Послание Президента РФ Федеральному Собранию 2006 г. обозначило рубикон перехода от либеральной политики вертикального контракта (Аузан 2006) и минимизации роли государства в решении вопросов семьи и родитель-ства конца 1990-х — начала 2000-х гг. к государственному патронату частной сферы (Путин 2006).
Экстренное повышение рождаемости было признано приоритетной задачей, обеспечивающей национальную безопасность страны и «сбережение народа», а семейная политика сведена к проблеме деторождения (Концепция демографической политики...).

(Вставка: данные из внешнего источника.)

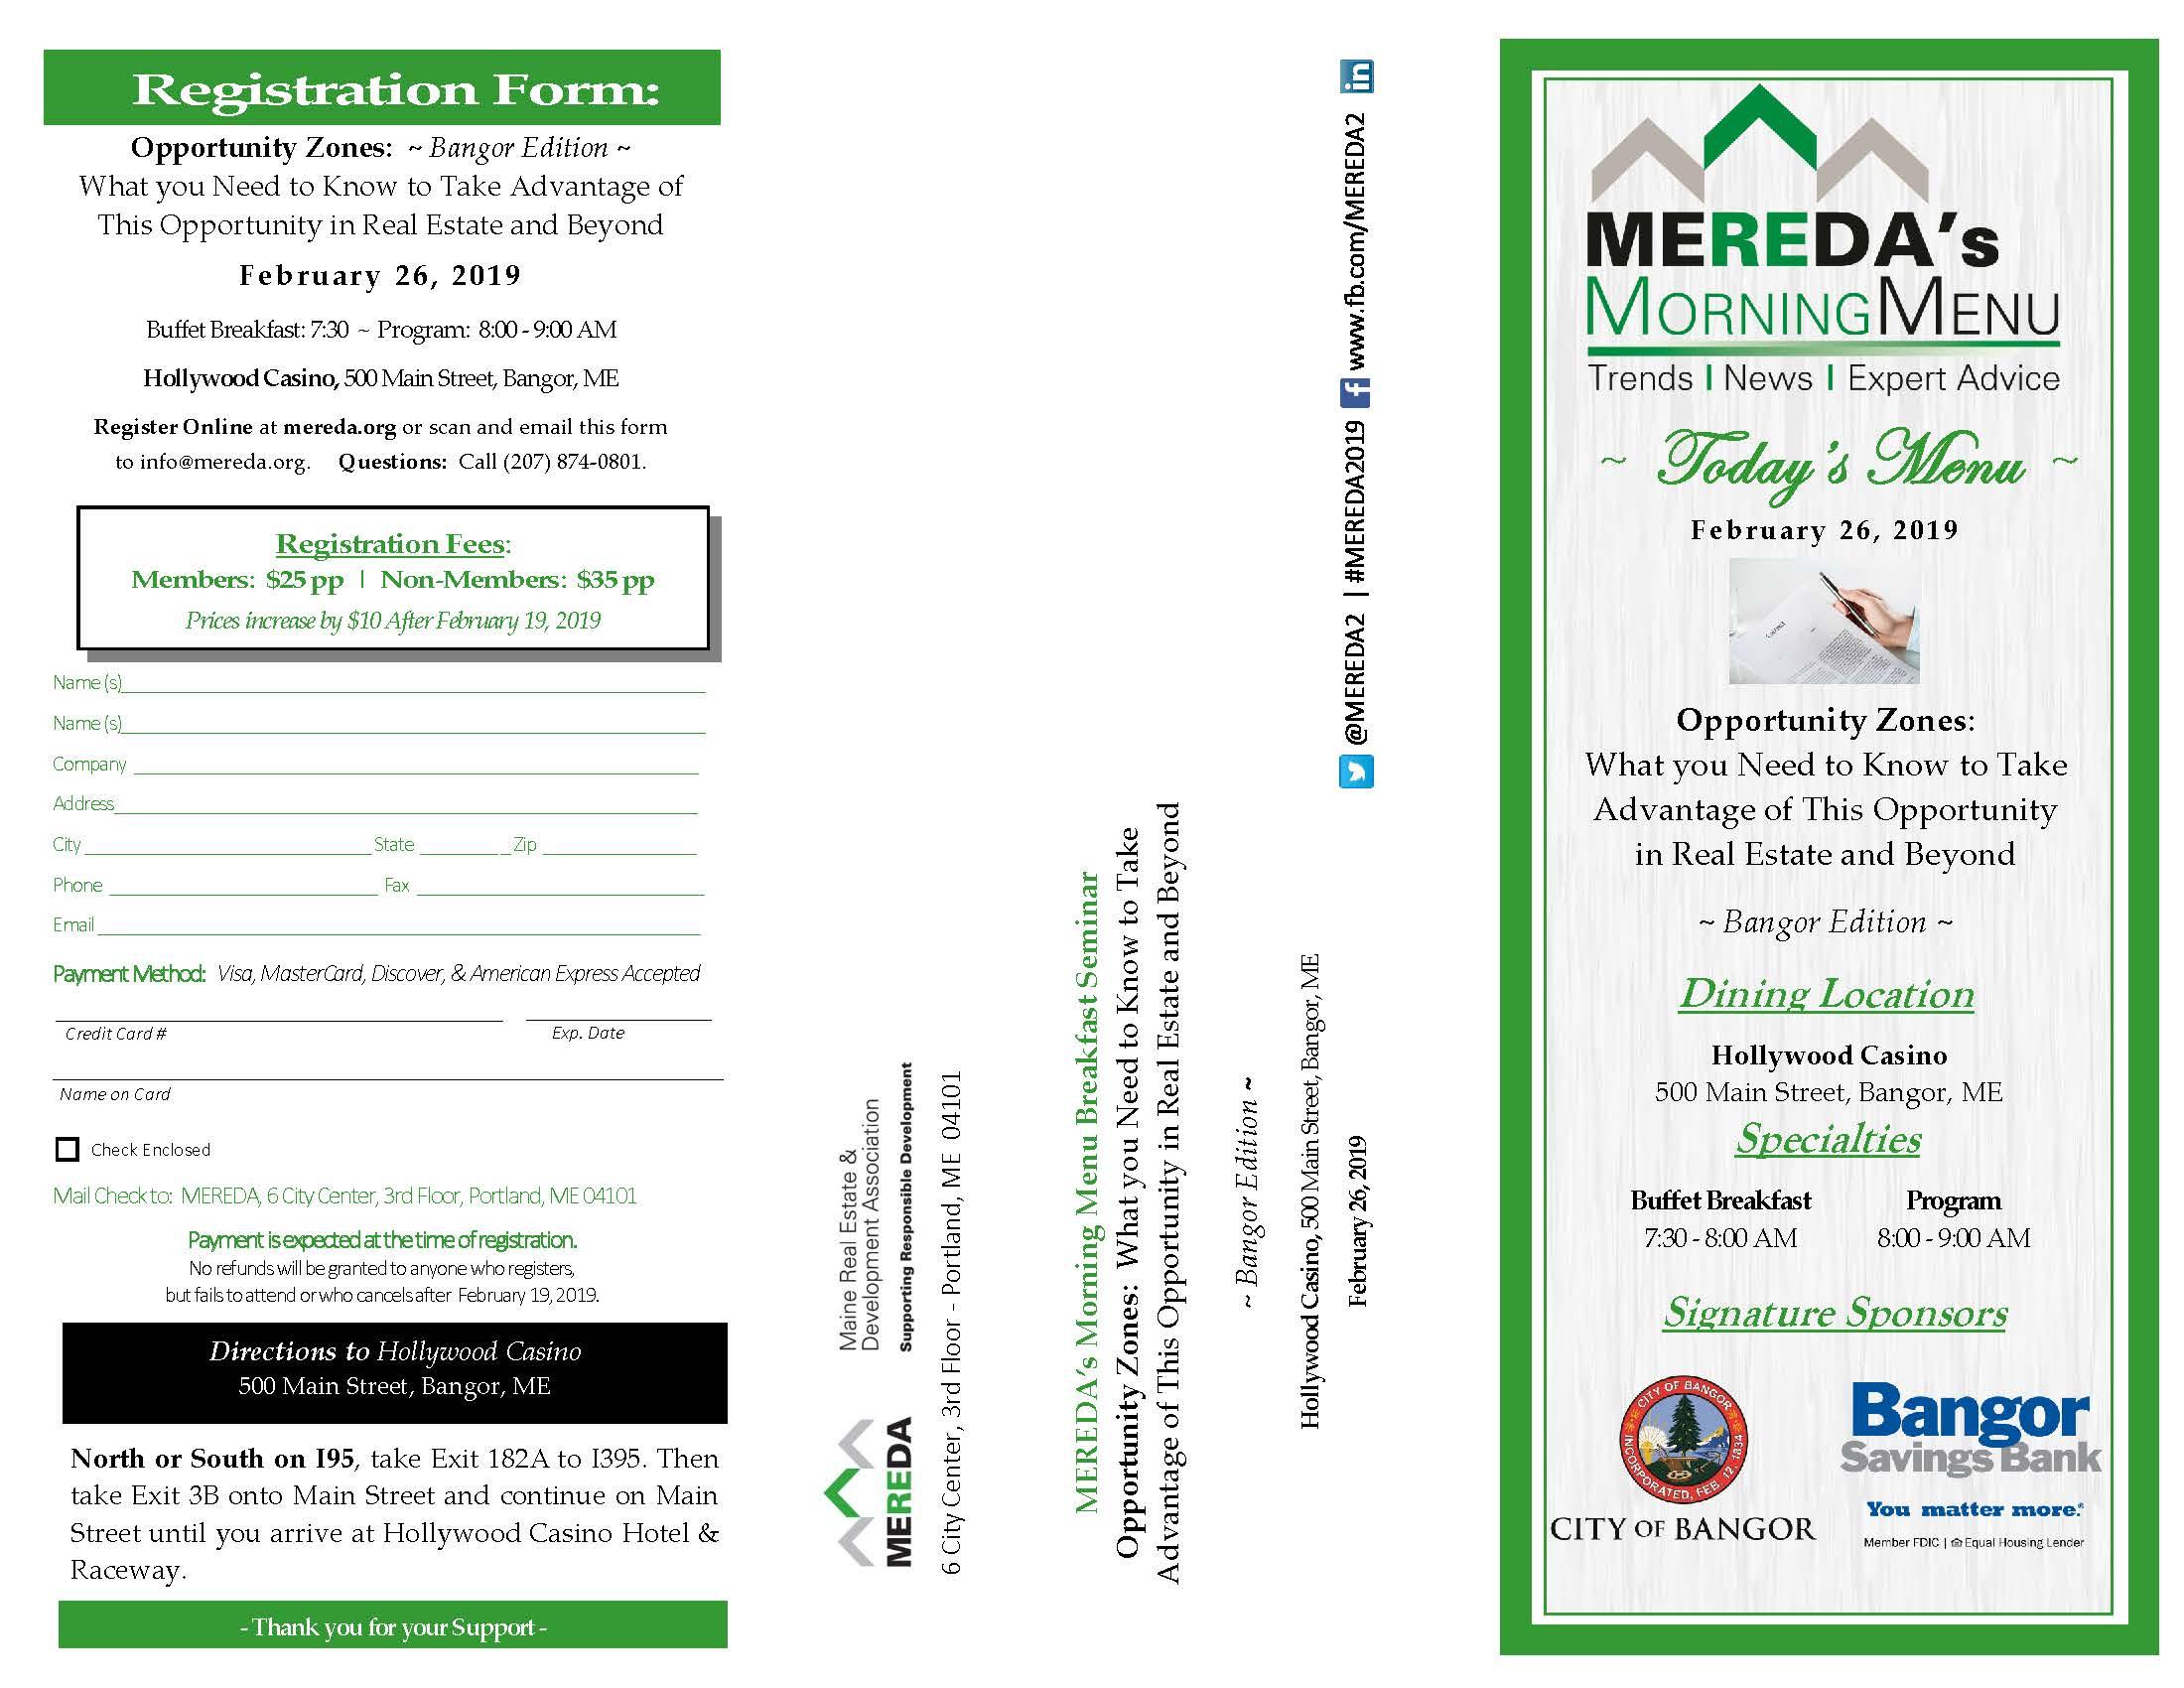 Event Mailer BGR 2-26-19
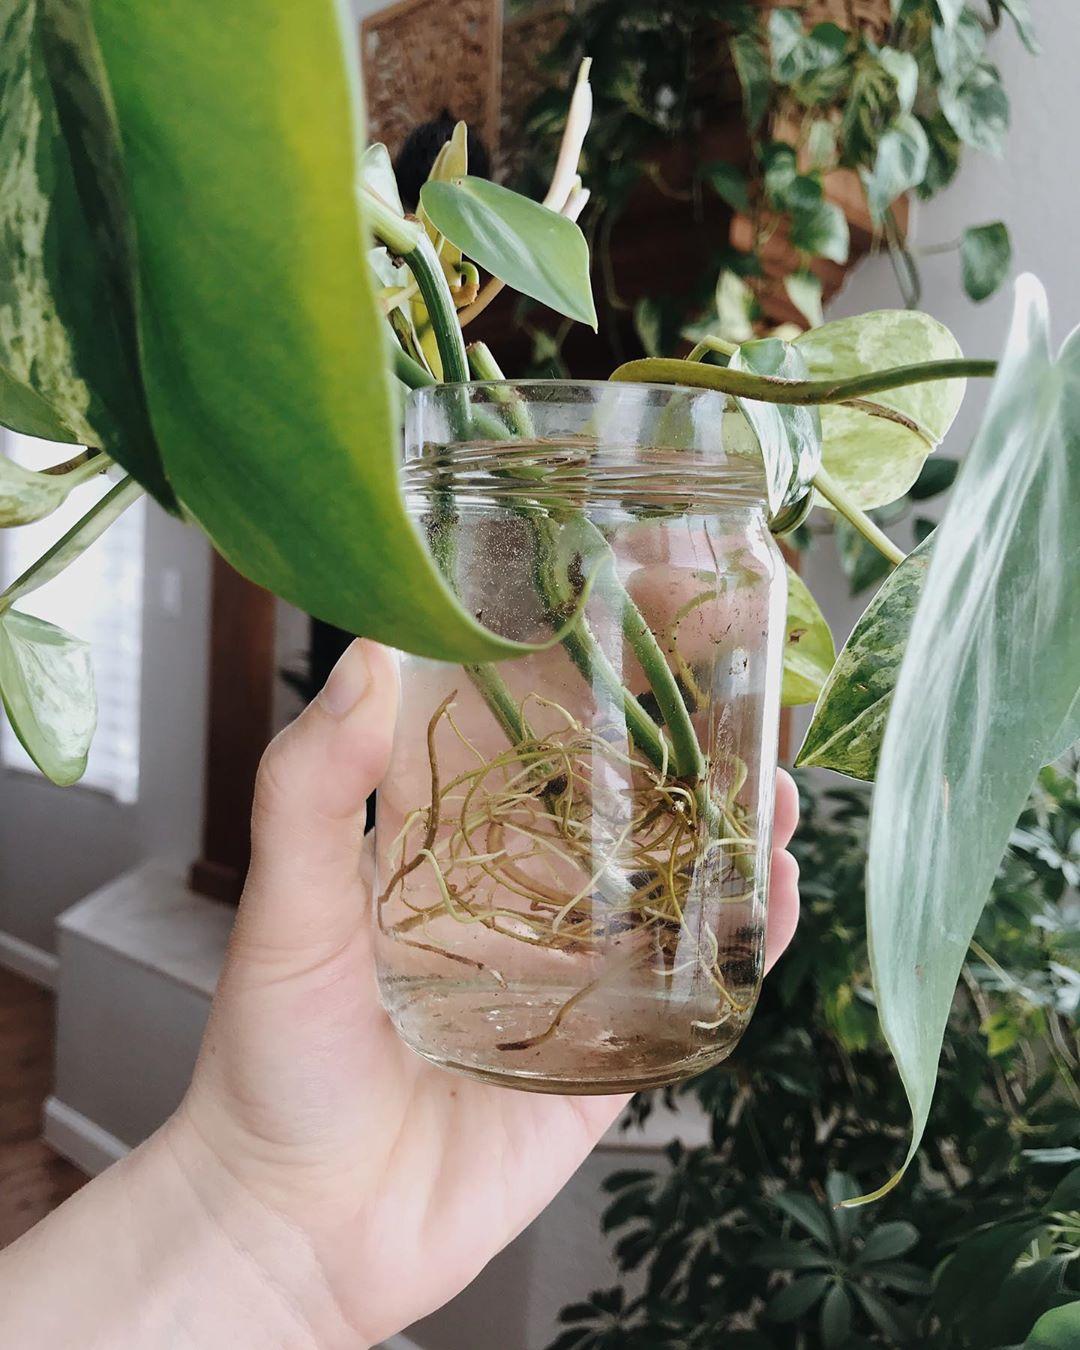 A Little Root Appreciation 🌱 My Pathos - Gardening

Побуждение к репродукции стимулировалось государством с помощью мер преимущественно материального характера, сконцентрированных на поддержке беременности и родов (оплата декретных отпусков, разовые выплаты при рождении ребенка, материнский капитал) и воспитании ребенка до 1,5 лет (ежемесячные пособия по уходу за ребенком). Эти чисто экономические инструменты слабо коррелировали с природой трансформации родительского поведения и падением рождаемости в России. В результате финансовые вливания давали лишь календарный рост рождаемости, ускоряя реализацию запланированных ранее рождений, и не могли поднять общий уровень рождаемости, связанный с рождаемостью реальных поколений, которые в ближайшей перспективе будут демонстрировать спад из-за вступления в детородный возраст малочисленного поколения россиян 1990-х гг. (Захаров 2012)*.
Для долгосрочного увеличения рождаемости более продуктивным (если говорить о внутренних ресурсах страны) является изменение репродуктивных установок населения (потребности в детях). Но сравнение результатов двух волн обследования РиДМиЖ** 2007 и 2011 гг. продемонстрировало устойчивость этих установок (двухдетный идеал) (Захаров 2012). Пронатализм явно демонстрировал свою неэффективность. Семейная политика, нацеленная на инструментальное использование людей как биологических механизмов спасения нации, создавала своего рода клиентелу, где родители превращались в пассивных потребителей предоставляемых государством услуг. Вполне закономерной реакцией на откровенный прагматизм государства стала рационализация поведения пап и мам и широкое распространение «тактик слабых» (De Certeau 1984) — использование в своих интересах «правил игры», навязываемых государством — получить «премию за скорость», не меняя в целом своих индивидуальных потребностей в детях. В результате во властной элите начало формироваться осознание того, что одними материальными поддержками битву за рождаемость не выиграть.
* Низкая эффективность воздействия денежных субсидий на рождаемость является не «российским» исключением, а скорее правилом, подтвержденным мировым опытом. Так, лонгитюдное исследование, проводимое по данным, собранным в 11 развитых странах мира, показывает, что даже 25% увеличение денежных пособий приводит к повышению рождаемости лишь на 0,007 ребенка на одну женщину (Б1апсЬе1 1994).
** «Родители и дети, мужчины и женщины в семье и обществе».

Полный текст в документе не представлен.